◆ Directions for this task: The listing below holds a line with "16 Latest Jumpsuits" and a later line with "North Narrabeen vintage". Write out those two lines and every line between them, exactly, and nothing else.

◆ Data for analysis:
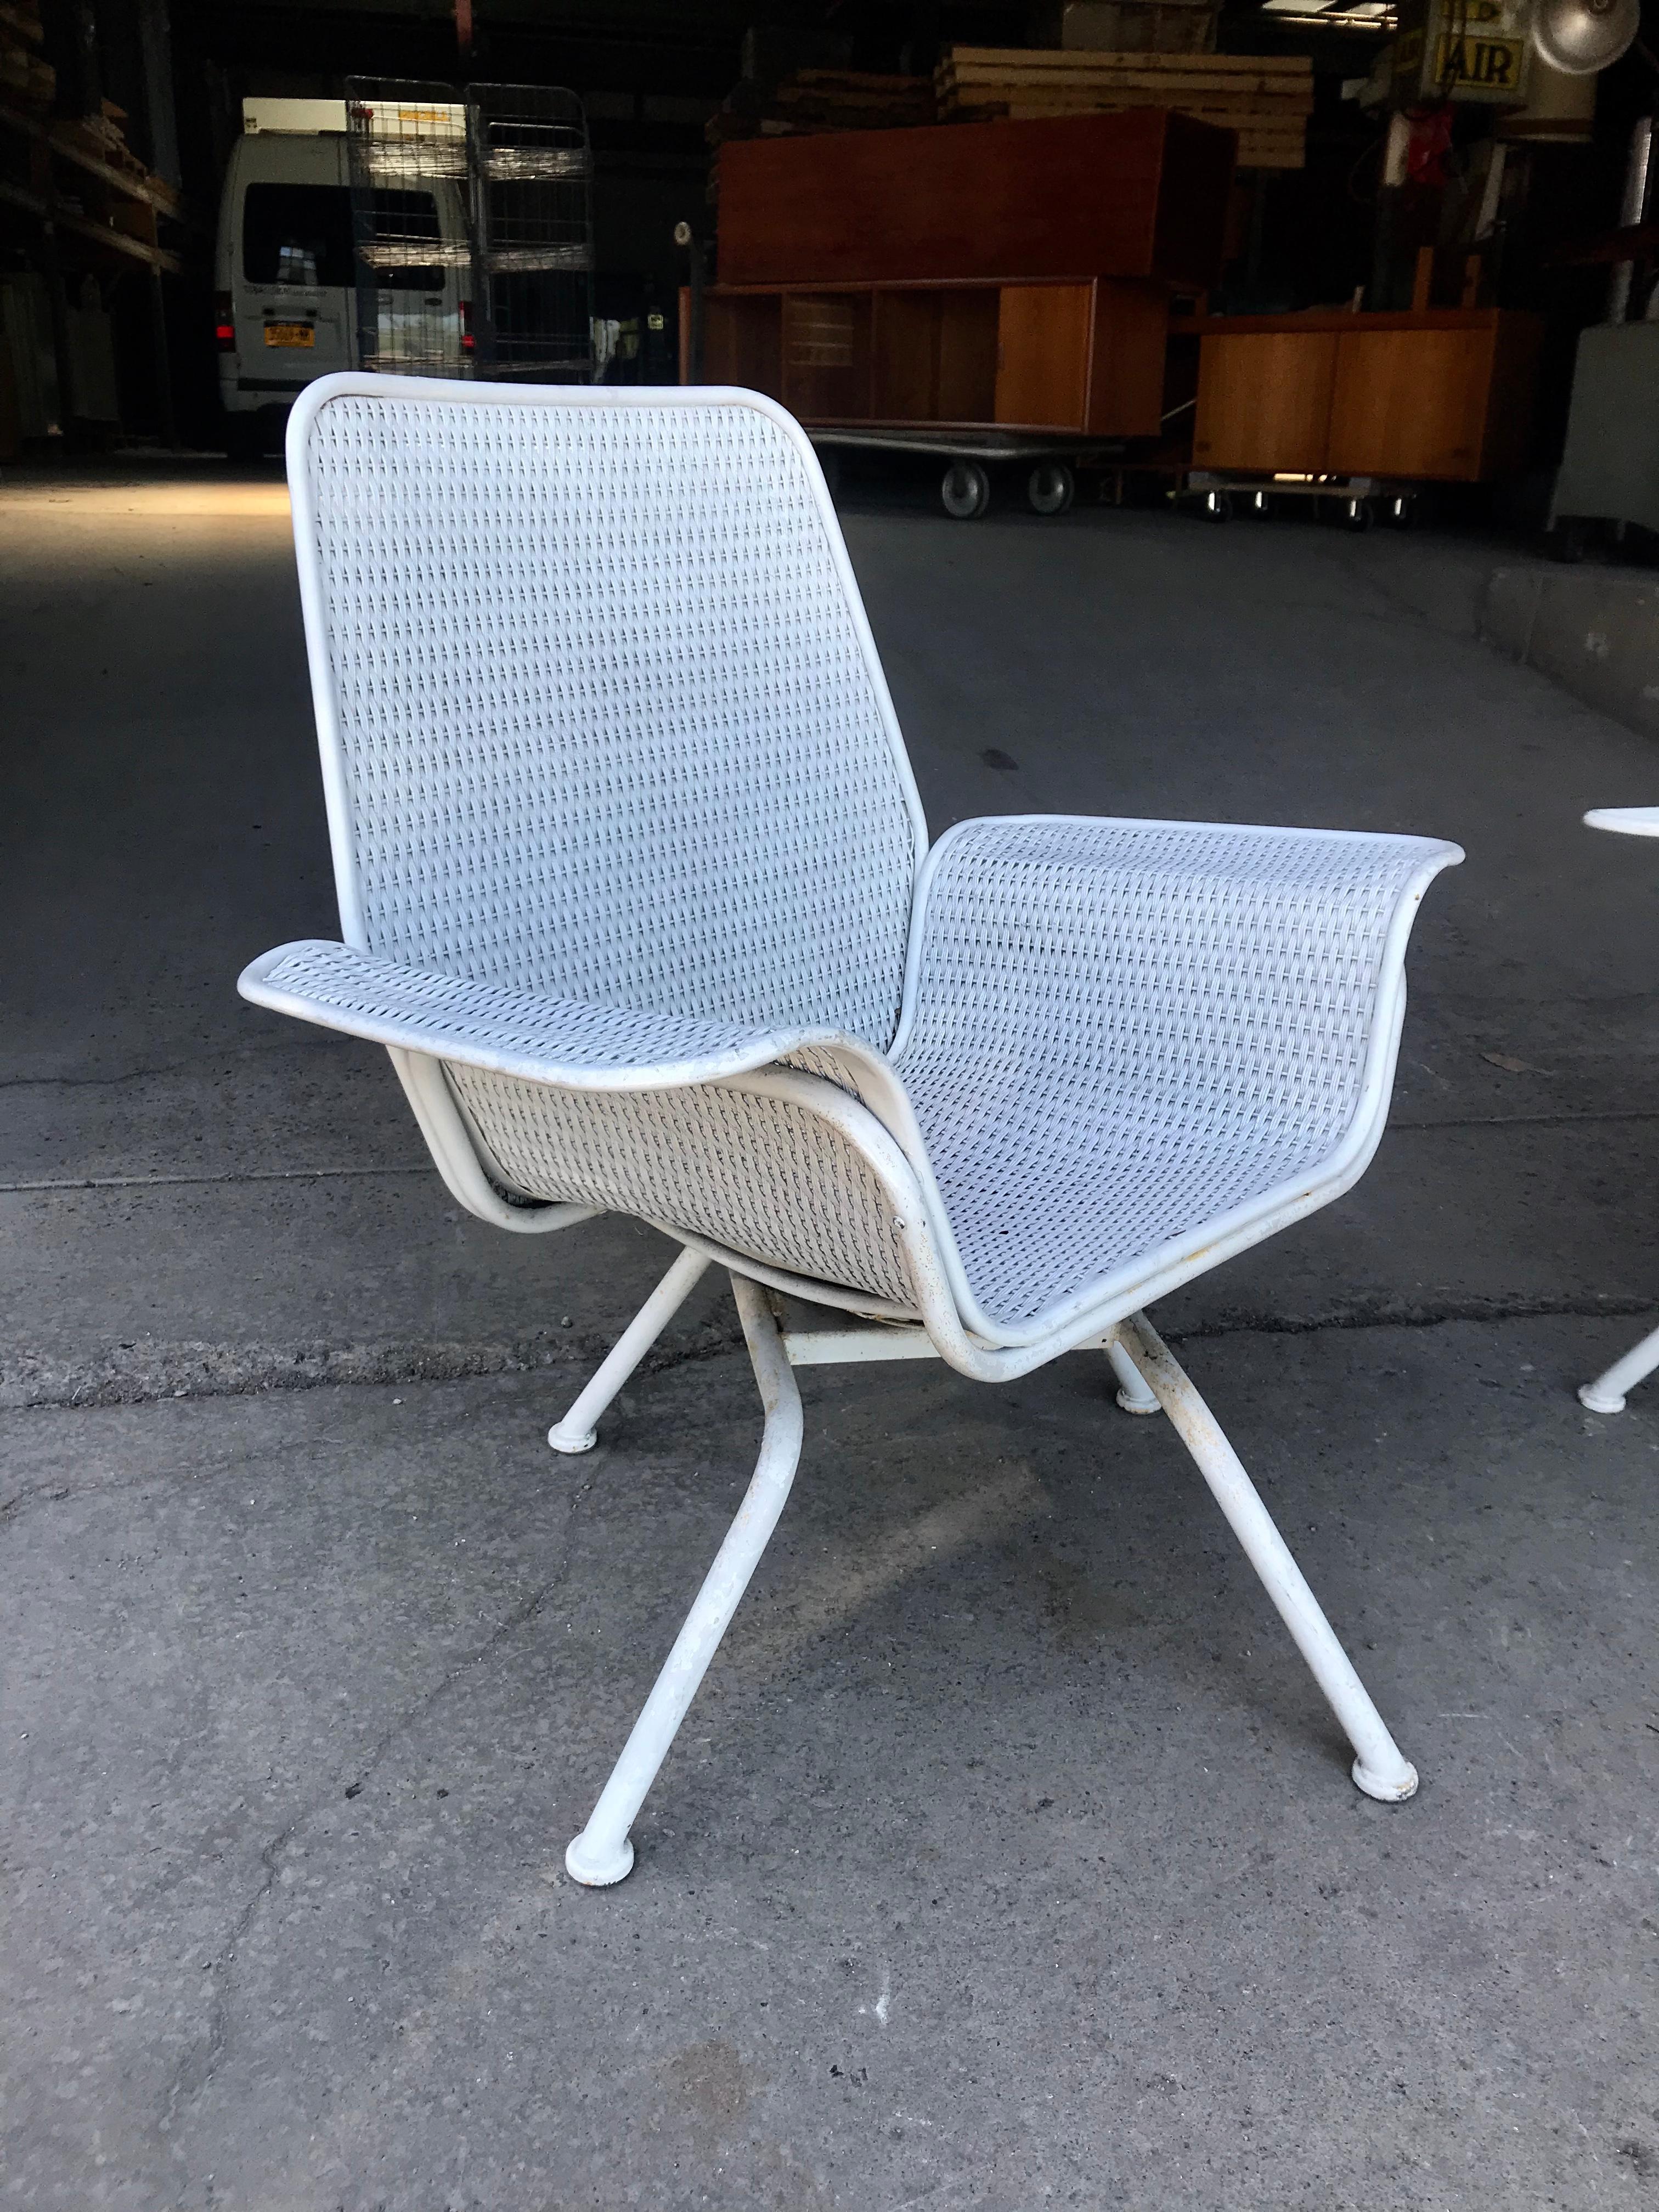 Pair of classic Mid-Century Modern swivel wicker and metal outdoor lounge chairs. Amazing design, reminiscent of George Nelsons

...

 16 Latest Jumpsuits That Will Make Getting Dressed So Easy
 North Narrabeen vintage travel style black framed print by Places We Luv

==

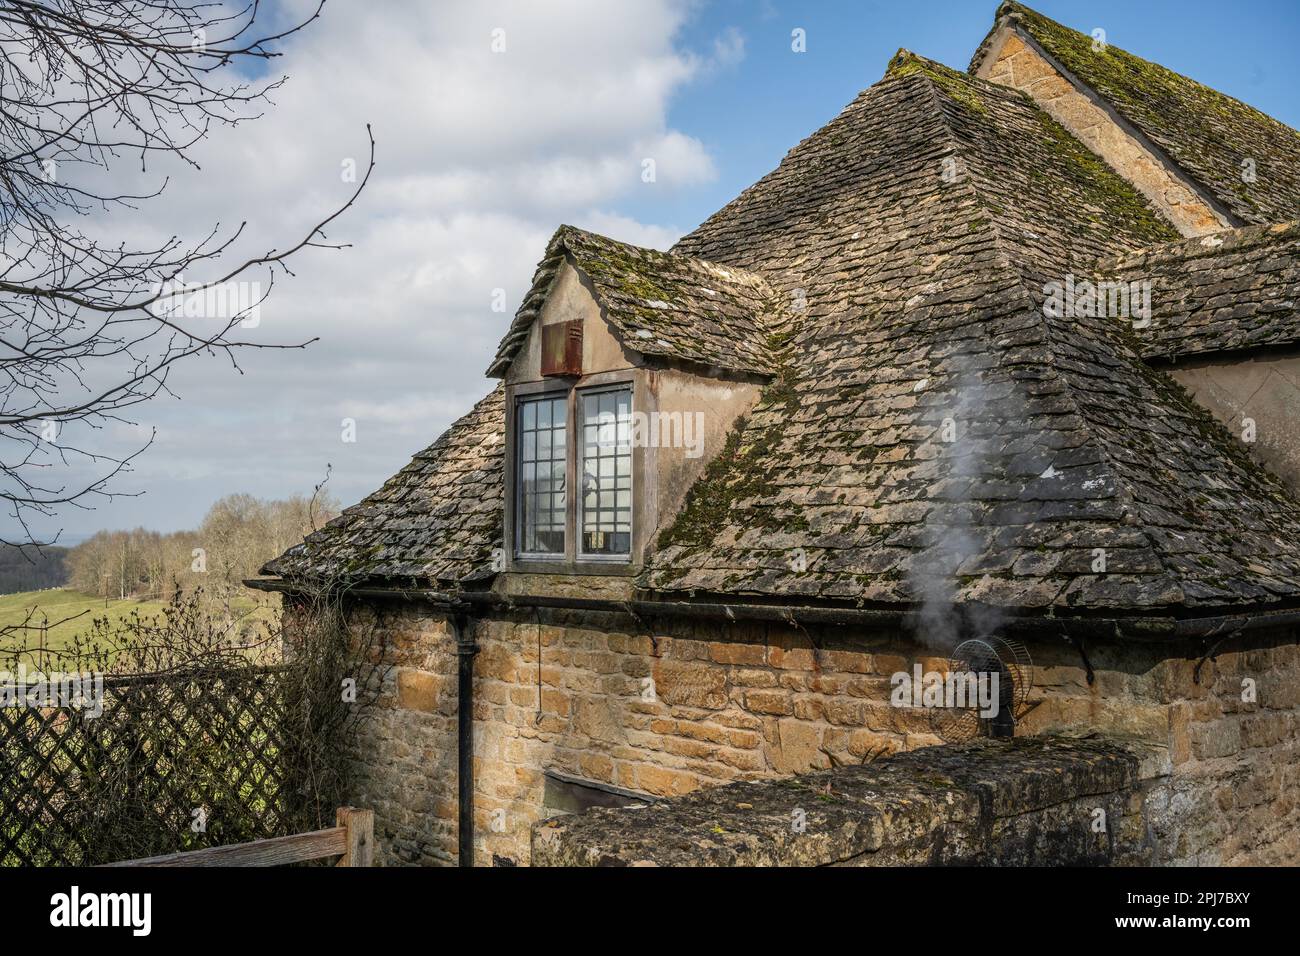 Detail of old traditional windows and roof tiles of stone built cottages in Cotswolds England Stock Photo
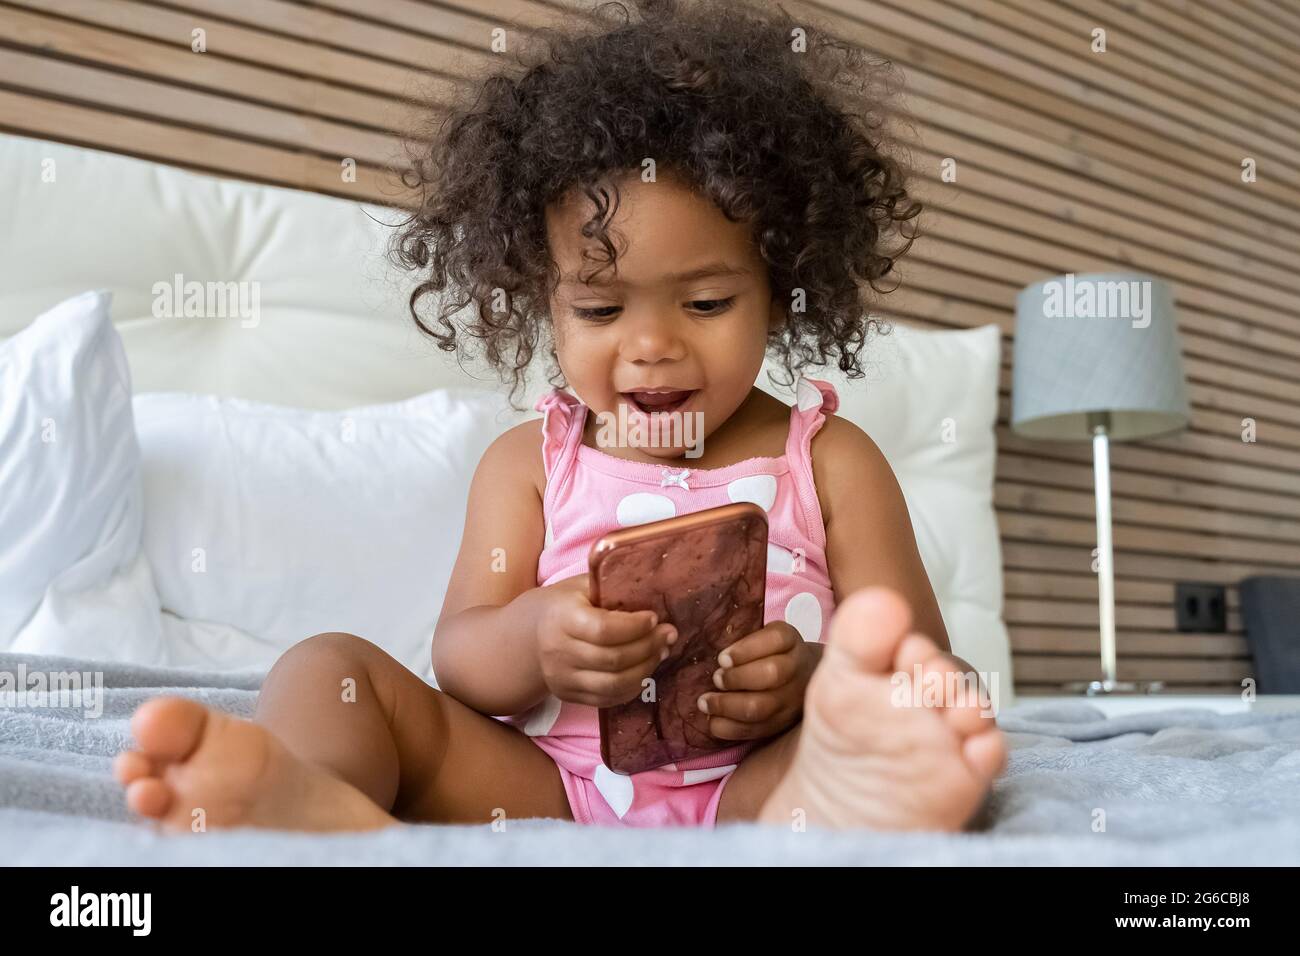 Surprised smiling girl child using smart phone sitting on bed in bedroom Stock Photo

◆ Your solution:
 16 Latest Jumpsuits That Will Make Getting Dressed So Easy
 North Narrabeen vintage travel style black framed print by Places We Luv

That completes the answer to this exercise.